What you have to do:
Write the listing out again word for word, excluding any pictures.

Information supplied:
# # #

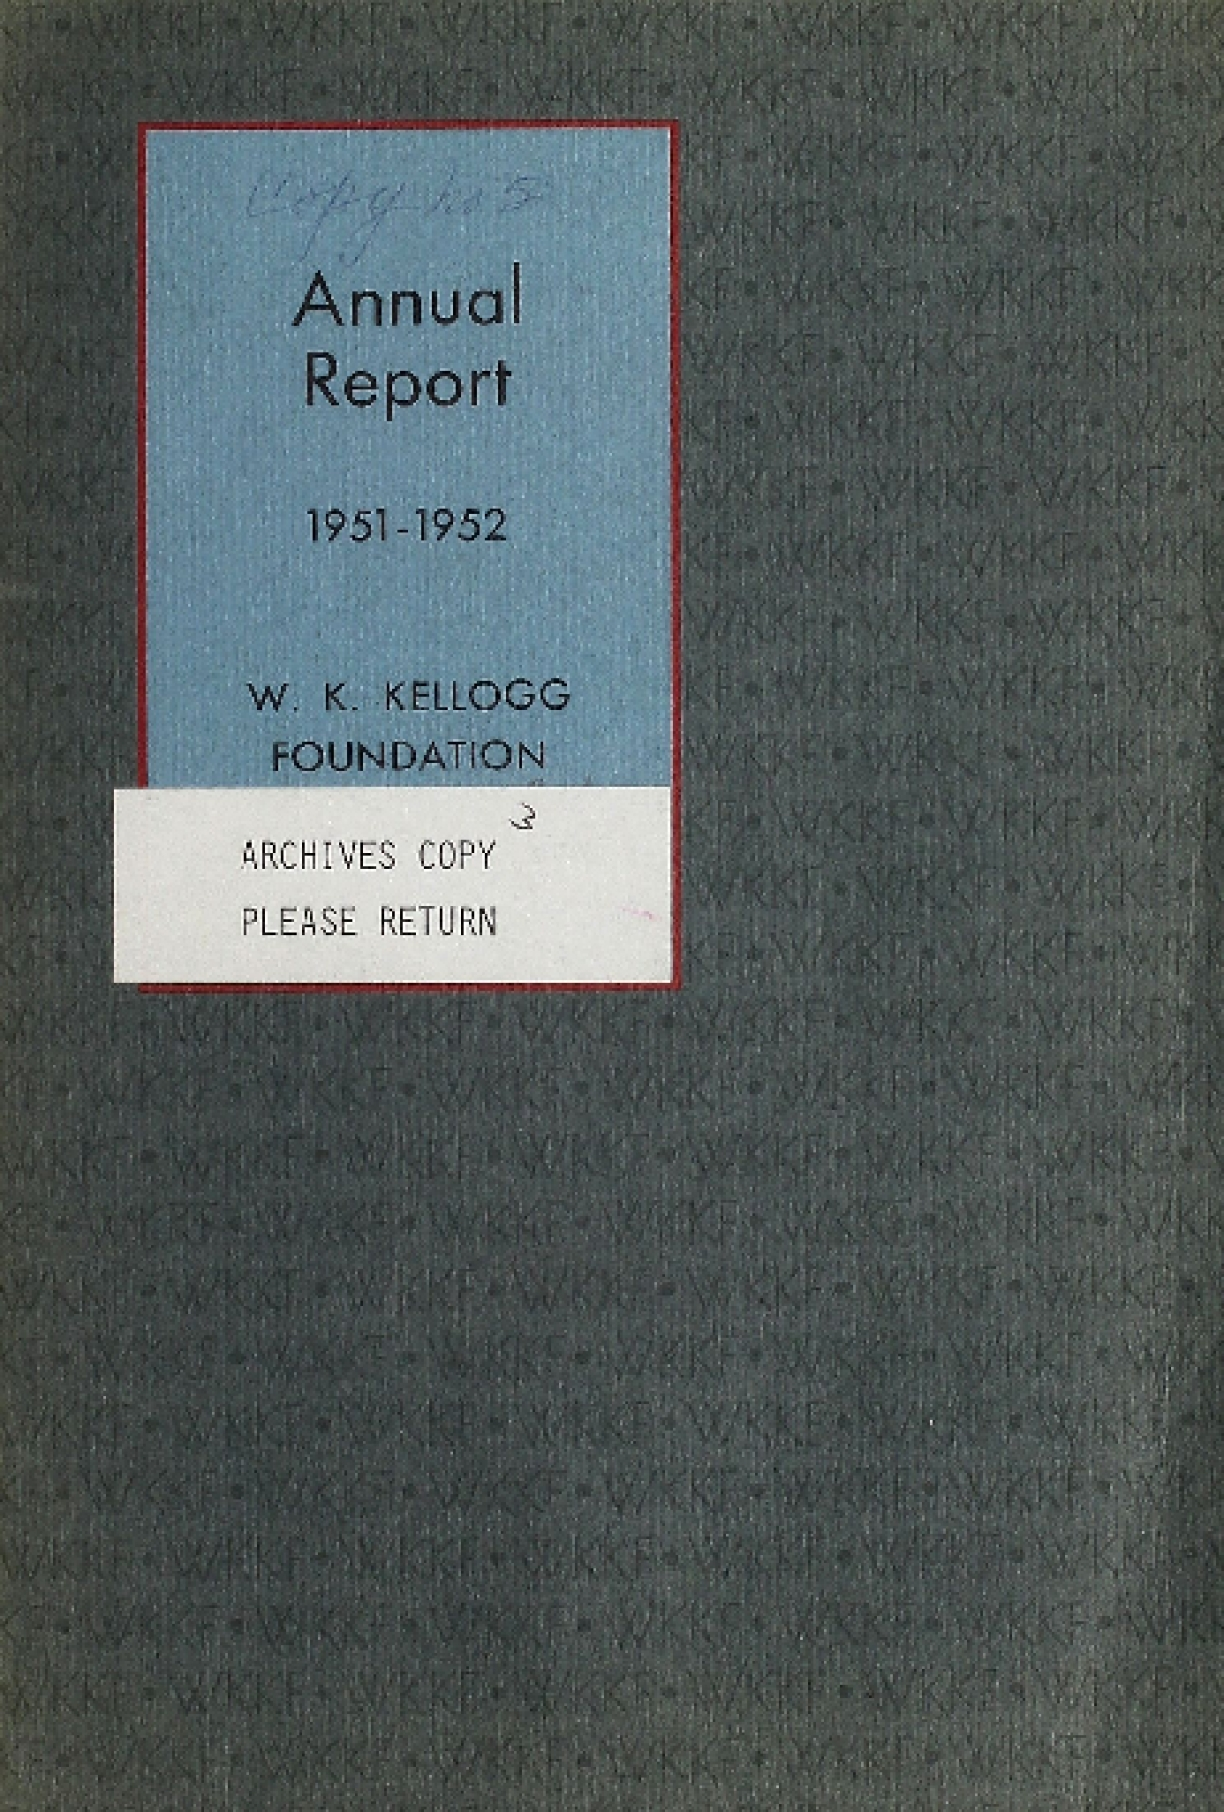 1951-1952 W.K. Kellogg Foundation Annual Report
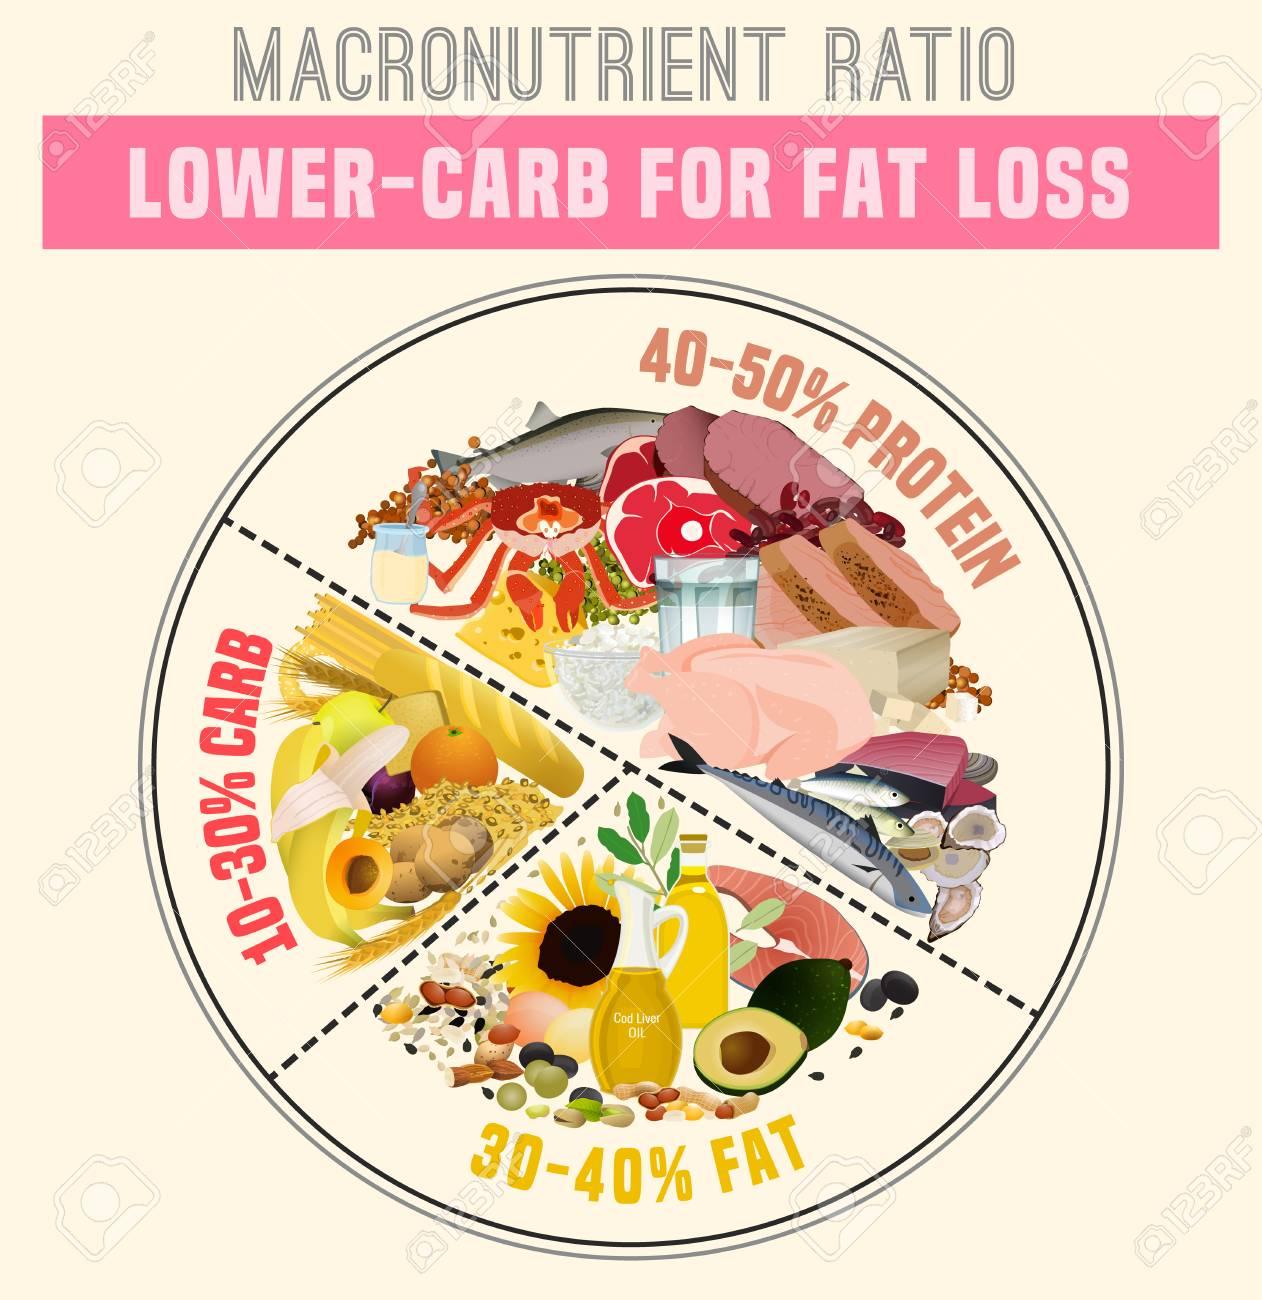 Low Carbohydrate Diet Diagram Macronutrient Ratio Poster Fat
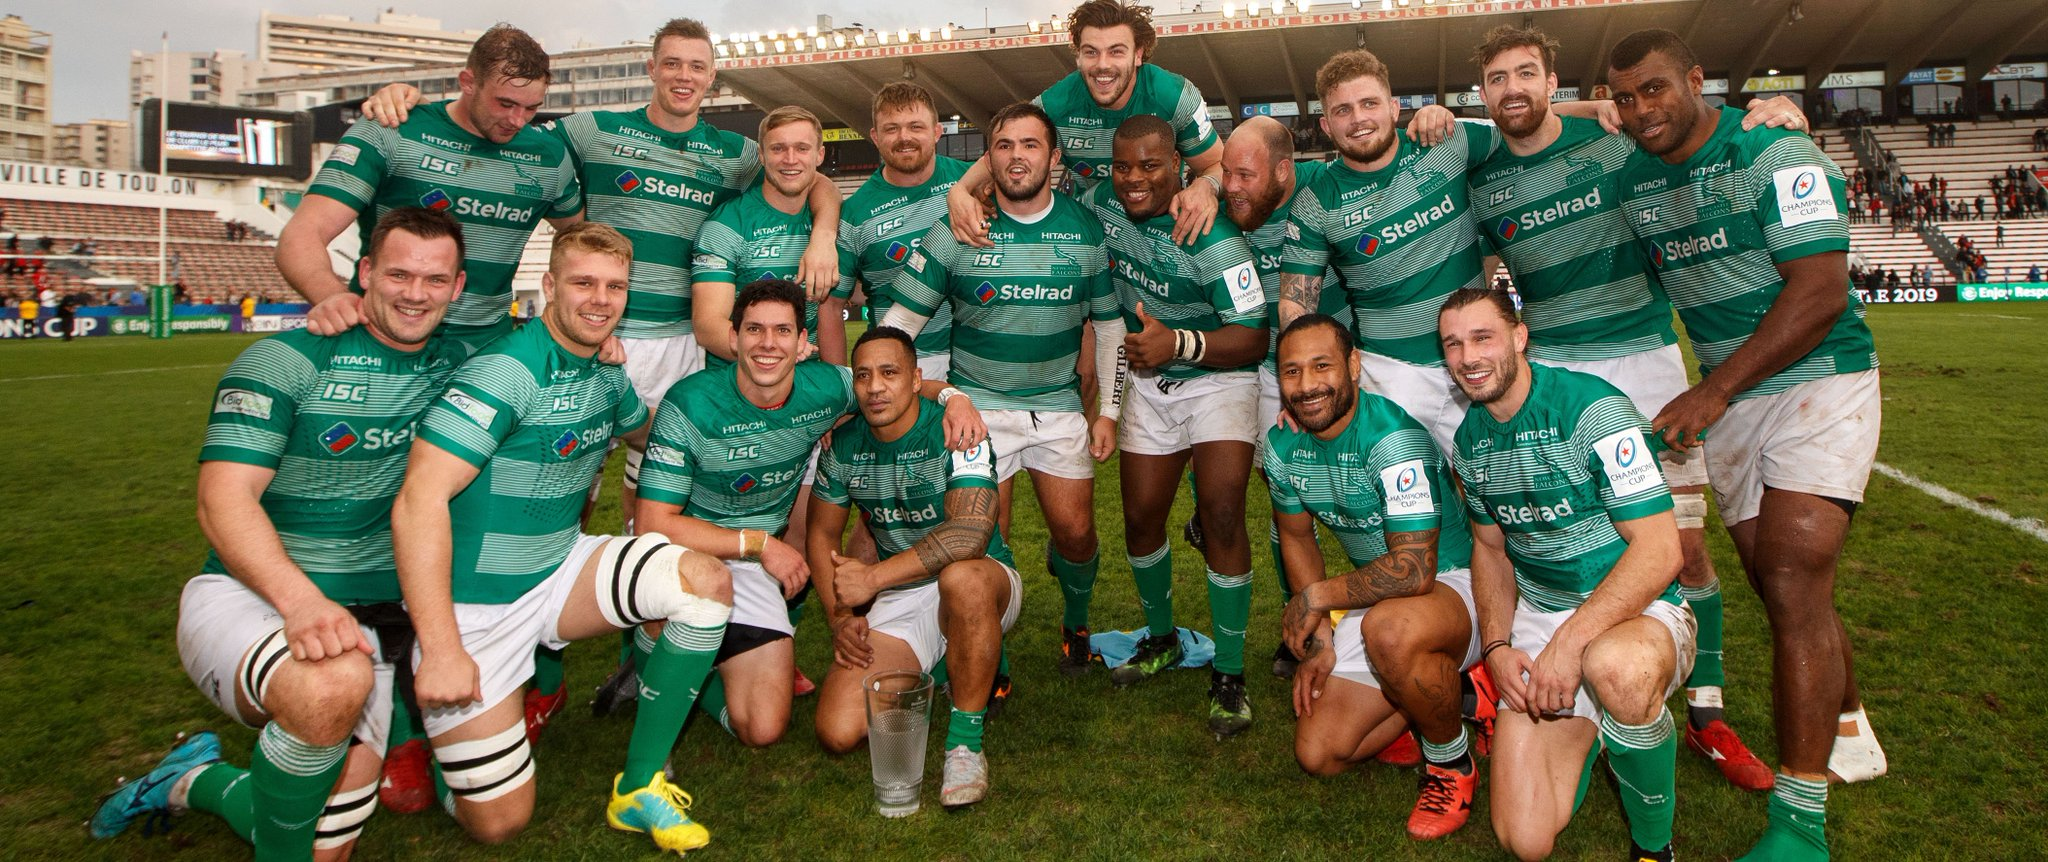 Newcastle Falcons team

# # #

Answer for this exercise:
 1951-1952 W.K. Kellogg Foundation Annual Report
 Low Carbohydrate Diet Diagram Macronutrient Ratio Poster Fat
 Newcastle Falcons team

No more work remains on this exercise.